Here is another question from Ask a ScienceBlogger. Reader Uday Panta asks:
How does water evaporate in the seas? Doesn’t water evaporate at 100 C?
There were some very good responses in the comments where the question was, but I am going to answer it with some more details.
Small Particle Model
This is where we need to start – the small particle model of liquids and gases. This model treats the liquid as being made up of a lot of particles (well, obviously). If there is a gas (or liquid) at a certain temperature, then there are particles moving around at different speeds. Often it is said that temperature is a measure of the average kinetic energy of the particles in a gas. This isn’t too bad of a definition, but the point is that some particles are moving fast and some are slow. They are not all going at the same speed.
Check out this great applet from the PhET simulators.
This is a snap shot of the Gas Properties simulator. The cool thing is the histogram it displays showing the distribution of both the particle energies and particle speeds.
Liquids
Here is another simulator from PhET. This one shows something in different states of matter. I am just going to focus on the liquid and the gas phases for now. I am going to show a movie of this running. In this video, you will see some water in liquid form evaporating. (Go play with the simulator online too – it is pretty cool.)
So, the liquid water has some water molecules in it. The water is at a certain temperature, but some of the liquid water molecules have more energy that others. That means that some of these molecules have enough energy to break free from the other water molecules and fly free.
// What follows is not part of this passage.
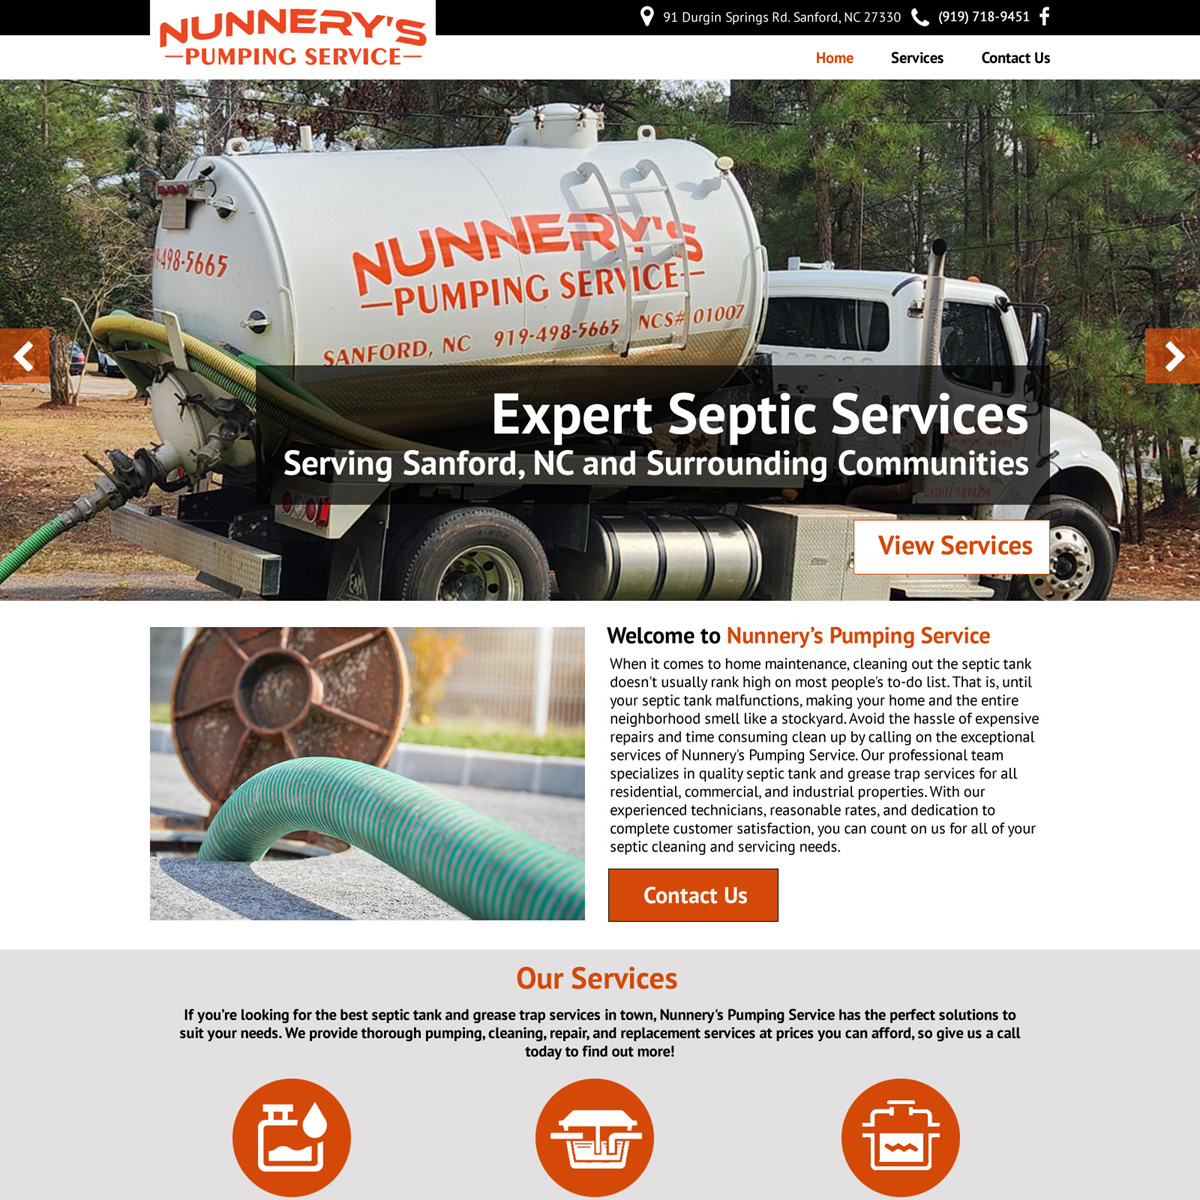 Nunnery’s Pumping Service Website Design
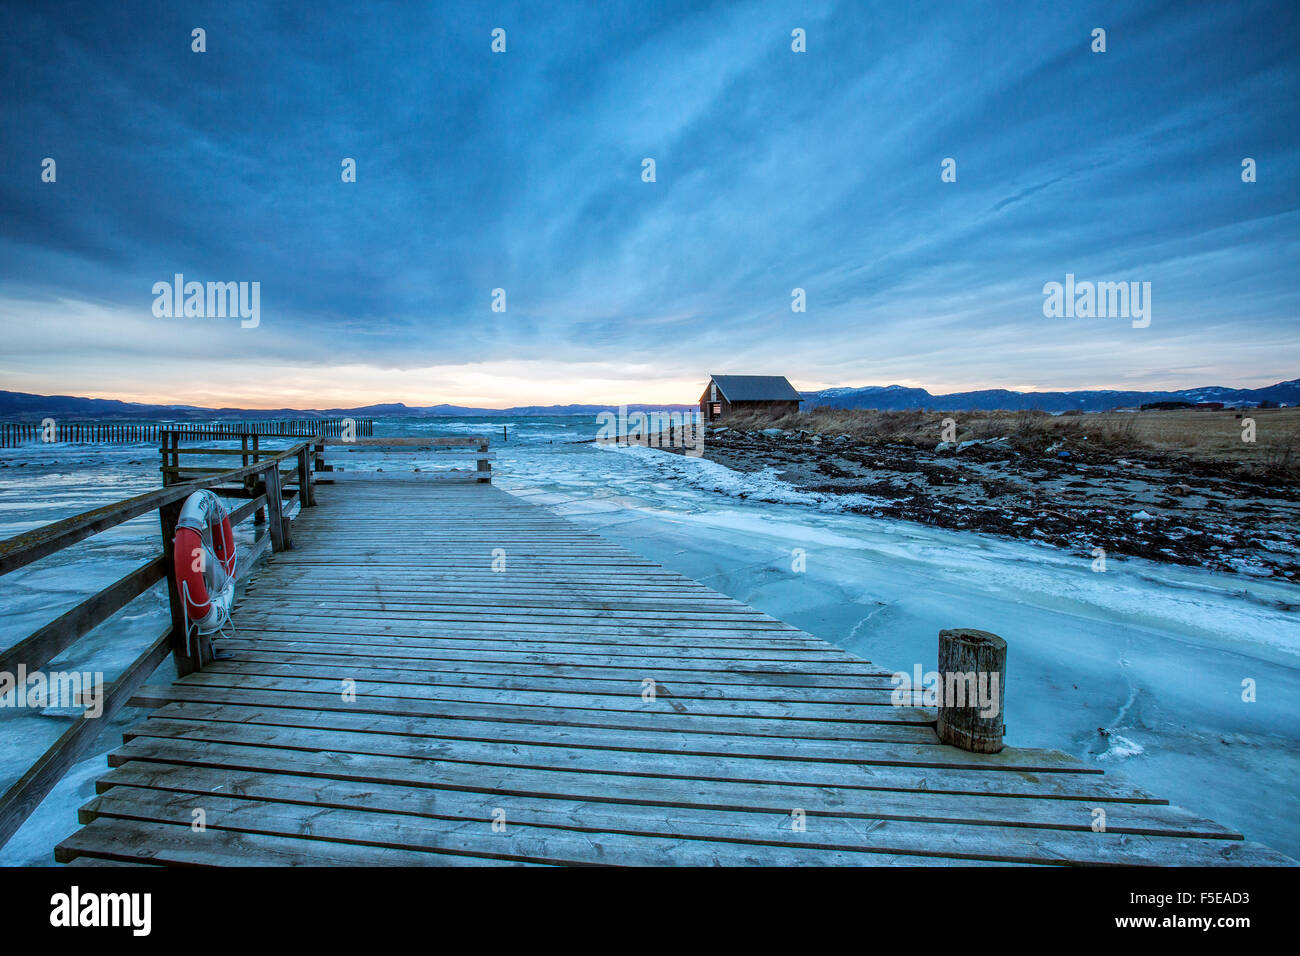 Il ponte di legno nel mare ghiacciato, Kystensarv, il Trondelag, Norvegia, Scandinavia, Europa Foto Stock

You can see this in the above animation.
That is really the answer to the question from Uday. The water does not have to be at 100 C for some of the molecules to evaporate.
But won’t the water keep evaporating? Well, this depends. First, if you keep adding energy to the water then yes it will. Watch the video again. Follow one water molecule that evaporates. Eventually, it will collide with the liquid water and become ‘trapped’ again. So, the water will reach an equilibrium between the water molecules that become gas the the gas molecules that become water.
It would be cool if the PhET app could show a graph of the number of gas particles vs. time and the number of liquid particles vs. time.